# A question for the delivery ants: Are you seeing an uptick in deliveries for "ghost kitchens"?



## JeanOcelot0 (Dec 30, 2020)

Evidently, this is the next big thing - kitchens making food without a dining area or ever a sales counter:









Are ghost kitchens here to stay?


Why are ghost kitchens a tantalizing process-oriented engineering problem, and why are they also the next big thing.




www.zdnet.com


----------



## Uberisfuninlv (Mar 22, 2017)

Mr Beast is a ghost kitchen. I have seen ghost kitchen brands come out of chain restaurants like Applebees, Chilis, Buffalo Wild Wings, Outback Steakhouse among others.


----------



## Calirolla (Aug 13, 2018)

I've picked up some orders from places with 5 different names before including a "best f'ing pizza." Pretty sure that's some of the original Uber Ceo Travis' company with cloud kitchens


----------



## Mad_Jack_Flint (Nov 19, 2020)

Ghost Kitchens and DashMart are the future and let me state I prefer the Ghost Kitchen and DashMart because you deal with less hassle and they are usually fast…


----------



## bobby747 (Dec 29, 2015)

My buddies went out of business because because of the high fees food going cold. People p**** off because because one day the food is $8 delivery the next day 16 $16 you're hit applebee's applebee's shake shack and a few others were here. Yes to surviving 30 year pizzeria's you got tired of the b****** and high fees these they charge


----------



## ColonyMark (Sep 26, 2019)

Which one is considered a ghost kitchen? Or are both?

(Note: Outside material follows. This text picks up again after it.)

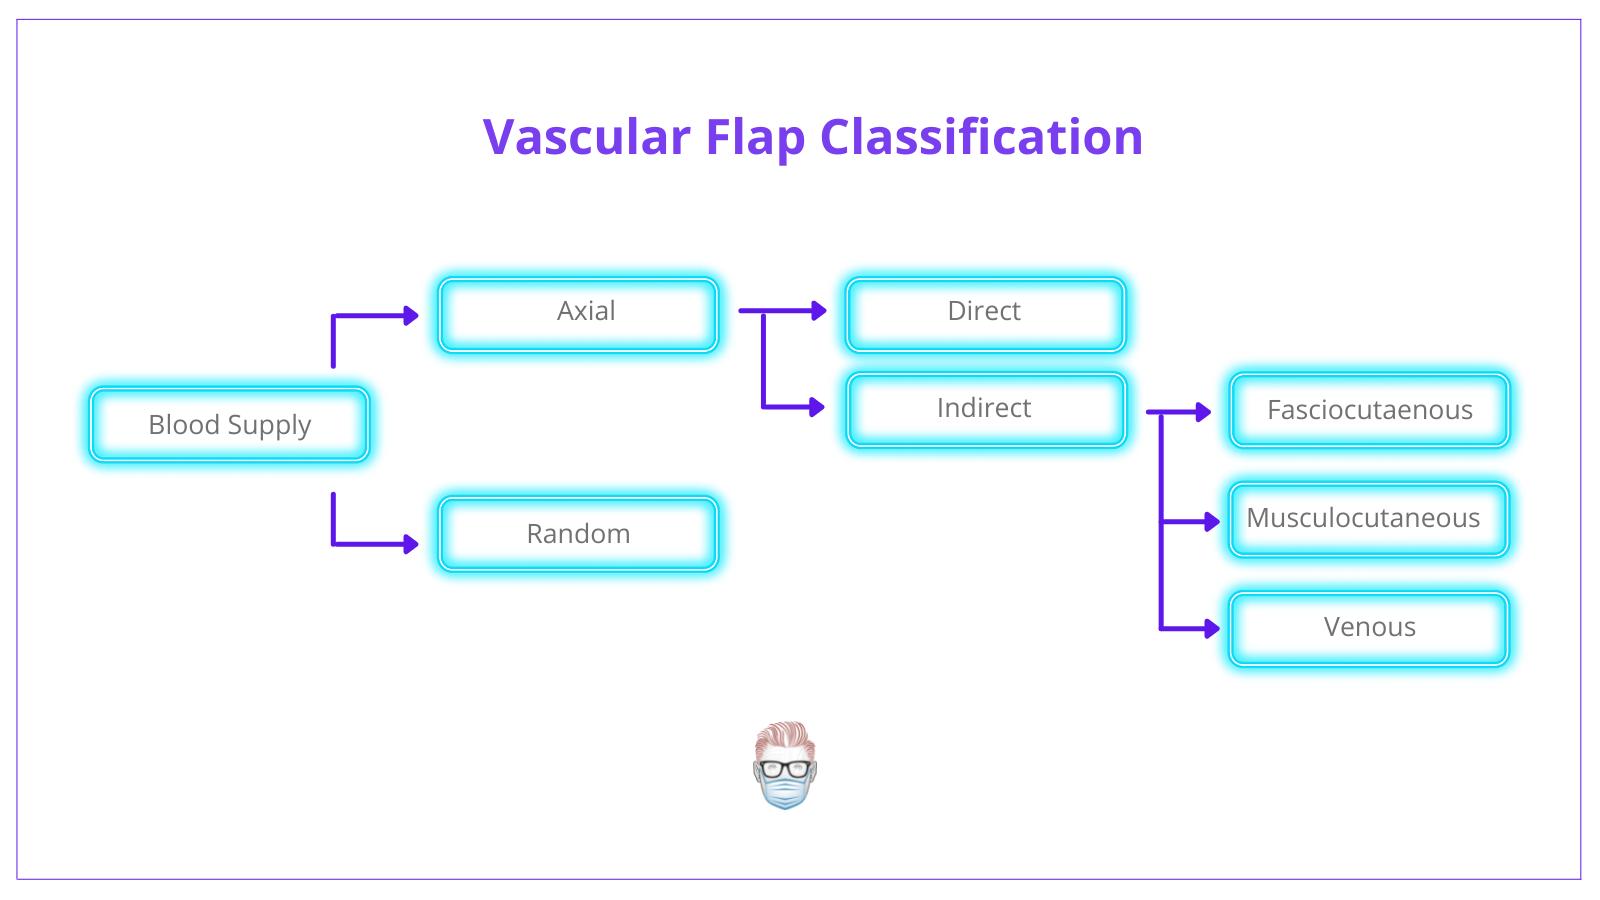 Vascular Flap Classification, Blood Supply, Flaps, Axial Flap, Random Flap, Fasciocutaenous Flap, Fasciocutaneous Flap, Musculocutaenous Flap, Musculocutaneous Flap

The ones that are inside another restaurant? The request says “Bob’s Wings” but you go to Chili’s to pick it up. I’ve been to lots of those.

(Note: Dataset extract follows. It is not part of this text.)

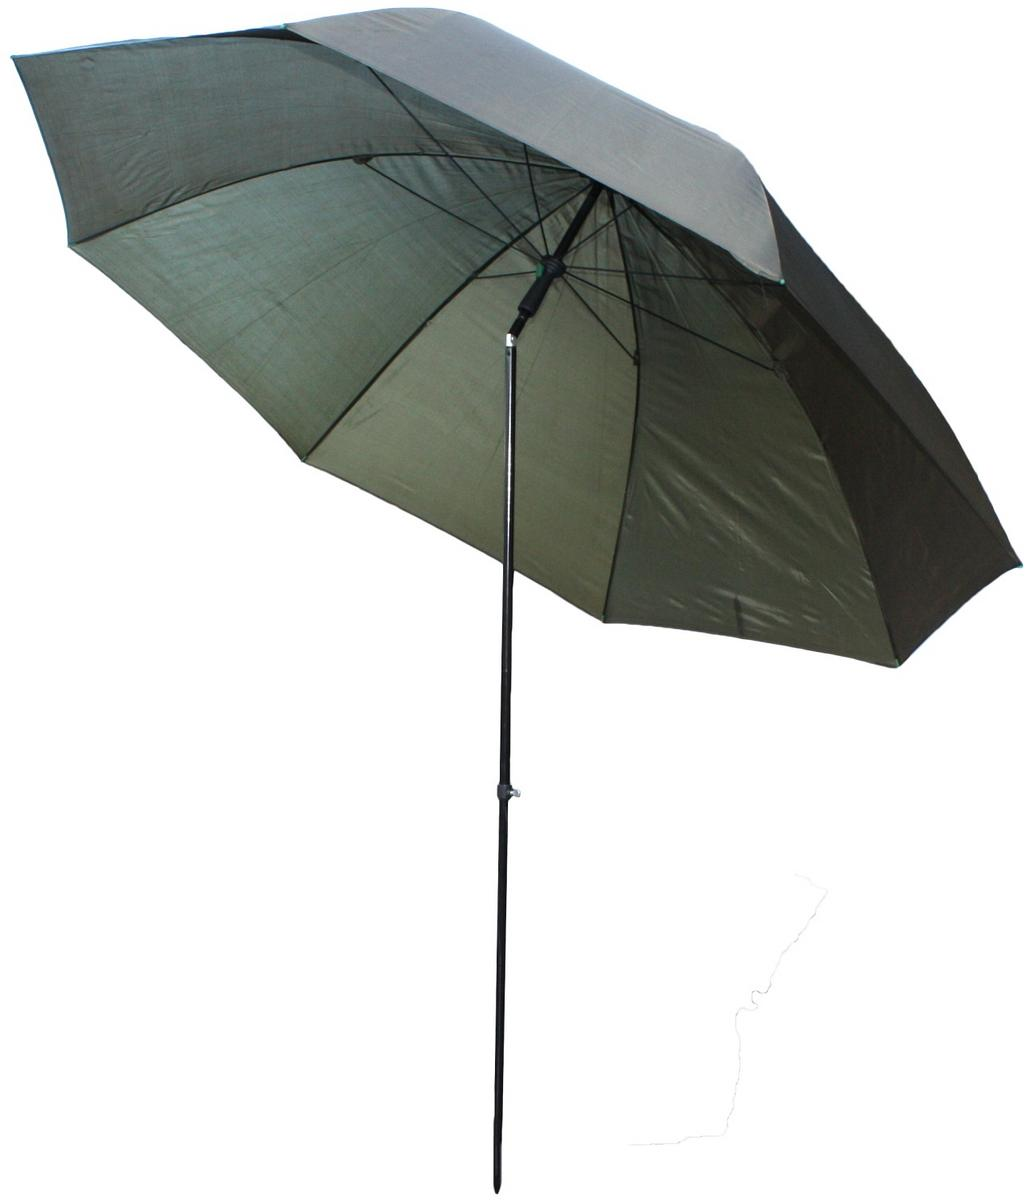 Michigan Fishing Umbrella With Sides And Windows

Or the ones that serve 5 different restaurants at the same location? I’ve only been to one of those. It was just a week ago. It was in a warehouse. No dining room.


----------



## Grubhubflub (Jun 16, 2018)

ColonyMark said:


> The ones that are inside another restaurant? The request says “Bob’s Wings” but you go to Chili’s to pick it up. I’ve been to lots of those.


This. This is a ghost kitchen.


----------



## Rickos69 (Nov 8, 2018)

My opinion of the worth of a ghost kitchen is that it increases the footprint of a restaurant on the apps, as an addition to an existing restaurant.
Since it appears as a separate entity, usually listing specific category items.
For example
Denny's has
Burger Den.
So you see Burger Den on the app, you don't know its a Denny's and you think it is a specialty Burger place.


----------



## Toby2 (Jun 16, 2018)

I would be pissed if I ordered from Burger Den thinking about how I’m gonna get some nice special burgers from a new place. Then the driver hands me a bag that says Dennys on it


----------



## Rickos69 (Nov 8, 2018)

Toby2 said:


> I would be pissed if I ordered from Burger Den thinking about how I’m gonna get some nice special burgers from a new place. Then the driver hands me a bag that says Dennys on it


To be honest, I don't remember if they used labeled bags or not.
I will make a note when I pick up again.


----------



## Grubhubflub (Jun 16, 2018)

I'm also seeing a lot of orders from food trucks, which I find odd. Why would someone order something delivered from a food truck when they could just get the same thing delivered from an indoor restaurant?


----------



## _Tron_ (Feb 9, 2020)

non-sequitar....I have no idea what a Denny's burger tastes like, because I haven't eaten there in years, and I only ate breakfast (24 hrs) when I did. I suspect the burgers would be somewhat tolerable, but nothing more.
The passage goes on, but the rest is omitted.